Amen! I bought the Don’t Bite the Sun omnibus just because my copies were falling apart.

Anthony, Moorecock, McCaffery: those are hacks. I pick up any of their books now, and they’re just dreadful; I used to like them, but am older and wiser now.

Once upon a time I also enjoyed a book called “Spellfire”, by Ed Greenwood. I am now heartily ashamed of this. :o

Thanks. I went to add the book to my ever-expanding “Saved Items: To Buy Later” at Amazon. But the cheapest paperback edition was $15.00, so I ordered it. I’ve been meaning to catch up on Lee’s more recent works…

How DARE anyone call Tanith Lee a hack?

I don’t know if Tanith Lee is a hack, but I read “Silver Metal Lover” recently, and after having loved it as a yute, I found it clichéd and obvious on re-reading. I didn’t think we were just staying within the strict, dictionary definition of “hack” - just generally saying which authors haven’t stood the test of time for us, and Tanith Lee is one for me.

Funny thing: after another recent thread that slammed l’Engle, I went back and re-read the series (Wrinkle, Wind, Planet, Waters).

I thought … that the first book was rather simplistic. Apart from that, all four still have plenty of magic for me.

The sad thing is, Piers used to be a good writer, before he started aiming specifically for the pubescent-teen crowd. Some of his early books, though, are still good. Macroscope, for example, still stands as (IMO) a classic of the SF field.

Dickens was a hack.

Dickens had gems of brilliance buried in mountains of verbosity. In other words, he could have used a good editor. :smiley:

Yeah, I really like his old science fiction as well. It’s not great, but it can be pretty solid.

I tried to reread the Illuminatus trilogy recently. Made it about a hundred pages in and gave up on it. I can understand why it appealed to me as a kid, but as an adult, I had to conclude that surreal crap is still crap.

Which, of course, makes him the very definition of a hack. :smiley:

I normally hate when people say “I can’t believe nobody mentioned”, BUT we are well into page 2, and so. . .

I can’t believe nobody mentioned Tom Robbins yet. (a search on “robbins” turned up nubbins)

Also, as someone else mentioned, Richard Brautigan.

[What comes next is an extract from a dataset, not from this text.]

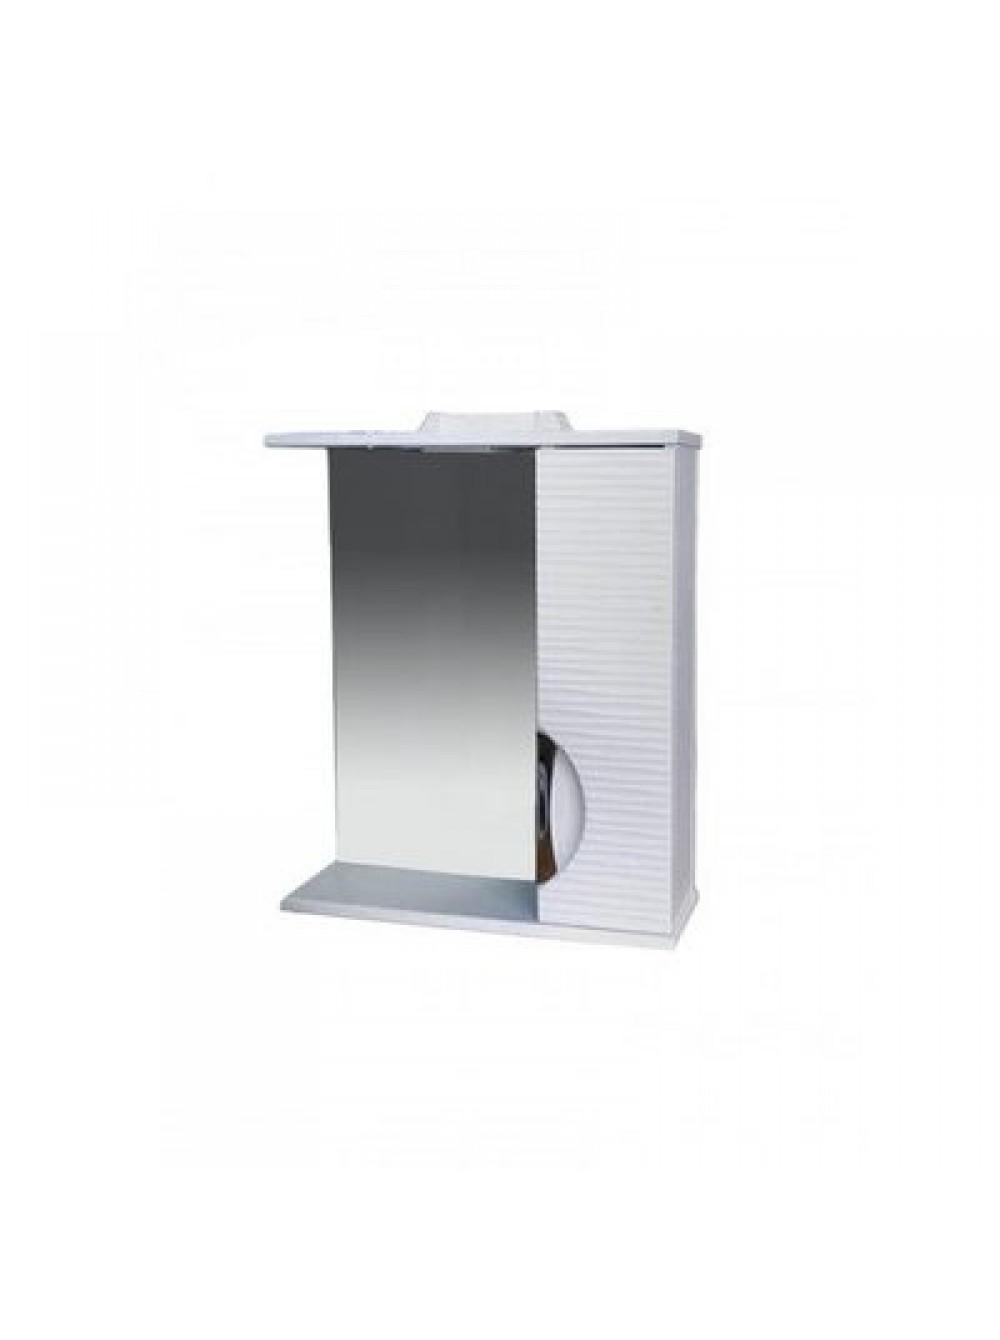 Зеркало-шкаф Джульетта-60 3D Волна (белый) ЛЕВЫЙ 600х650х150 СТК

I think there’s probably a lot to that. I wonder why. I guess the cliches so common in “adult” fantasy aren’t cliches to a kid yet. And kids are less aware of bad writing, maybe?

I was coming in here to say Terry Brooks whom I could have turned into a nerd-dork in my teens when I discovered the Shannara series and just loved them.

When I rediscovered the books and decided to re-read the series, either it has lost its its thrill or I’d grown up. Probably the first.